TensorFlowLiteをインポート

Cocoa PodでTensorFlowLitePodを追加（pod install）します。

use_frameworks!
pod 'TensorFlowLiteSwift'

import TensorFlowLiteSwift

TensorFlowLiteモデルをXcodeプロジェクトにドロップしてバンドルします。
ラベルを使う場合はラベルファイルもドロップしてバンドルします。

モデルの初期化

guard let modelPath = Bundle.main.path(forResource: "mobilenet_quant_v1_224", ofType: "tflite") else { print("Failed to load the model."); return nil }

var options = InterpreterOptions()
options.threadCount = 1
do {
   // Interpreter(通訳者)として初期化
   interpreter = try Interpreter(modelPath: modelPath, options: options)
   // 入力テンソルのためにメモリを割り当てる
   try interpreter.allocateTensors()
} catch let error {
   print("Failed to create the interpreter with error: \(error.localizedDescription)")
   return nil
}

クラス・ラベルもStringの配列として読み込んでおきます。

guard let fileURL = Bundle.main.url(forResource: "labels", withExtension: "txt") else { fatalError("Labels file not found in bundle.
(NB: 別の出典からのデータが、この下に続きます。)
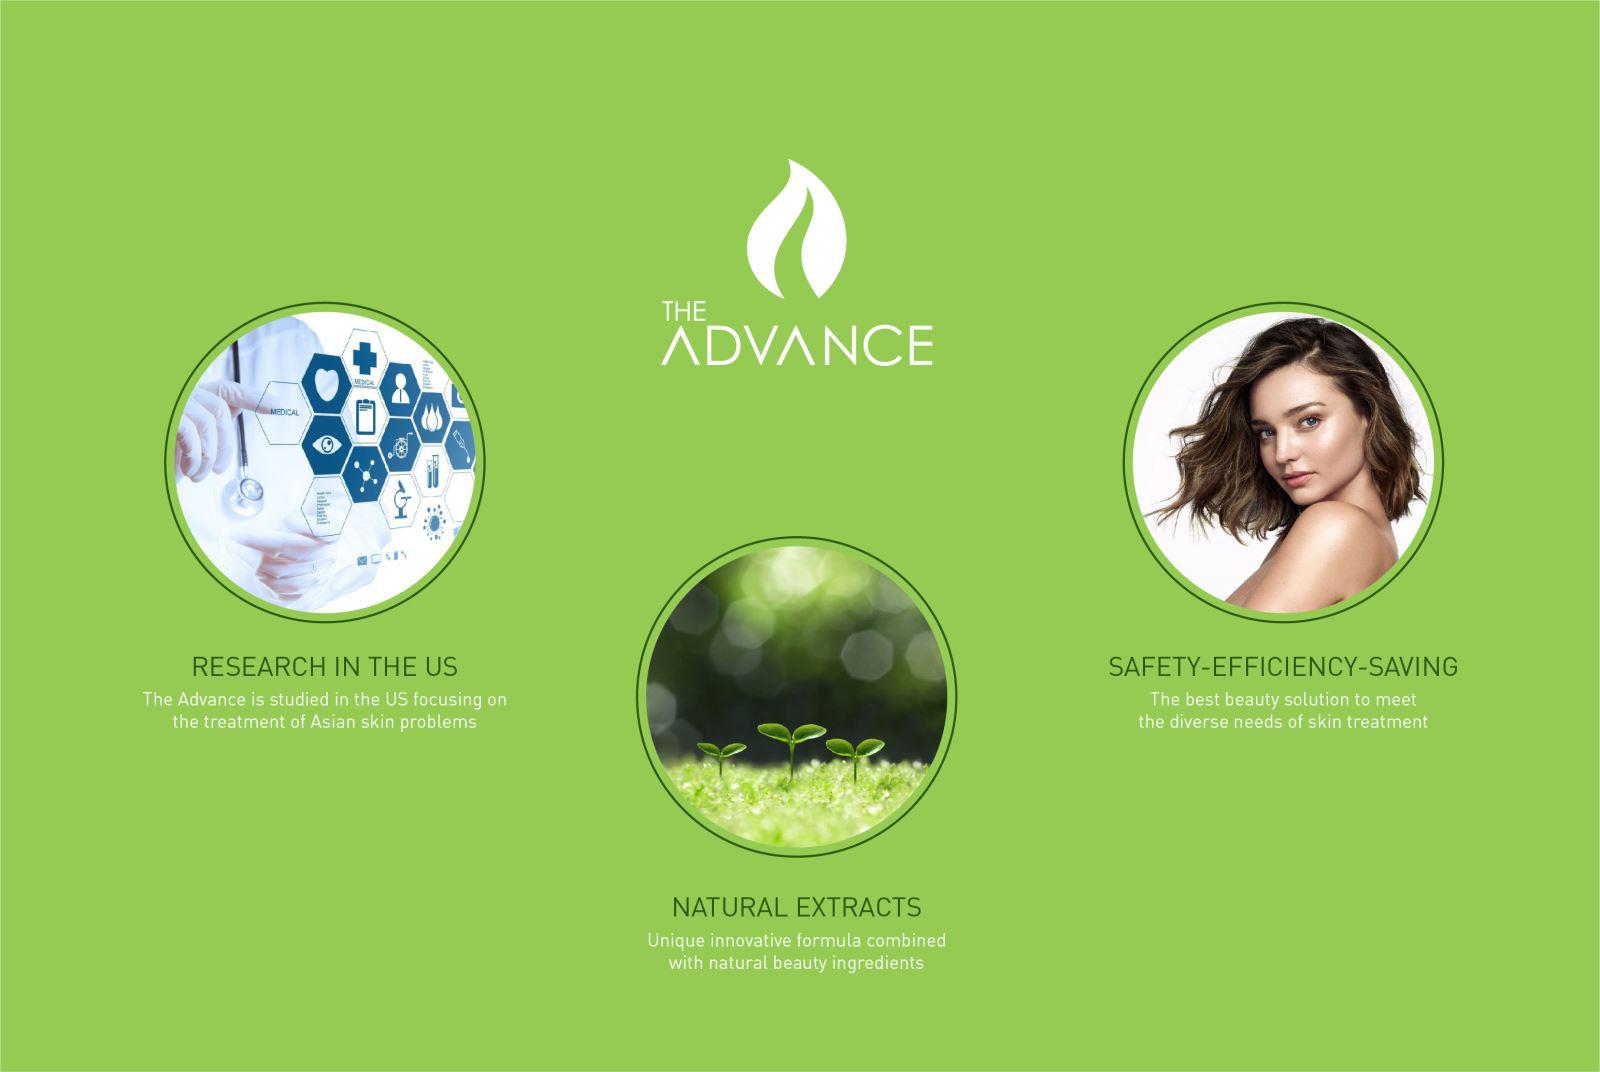 Xu hướng sử dụng dược mỹ phẩm thay thế mỹ phẩm thông thường của phụ nữ hiện đại - Ảnh 1.

Please add a labels.") }
do {
    let contents = try String(contentsOf: fileURL, encoding: .utf8)
    self.labels = contents.components(separatedBy: .newlines)
} catch {
    fatalError("Labels file cannot be read.")
}

入力の準備

モデルの入力フォーマットに合わせたCVPixelBufferを入力します。

// モデルのパラメーター例
let batchSize = 1
let inputChannels = 3
let inputWidth = 224
let inputHeight = 224

TensorFlow公式のesampleプロジェクトのPixelBuffer変換メソッドを使うために、kCMPixelFormat_32BGRA形式の設定にします。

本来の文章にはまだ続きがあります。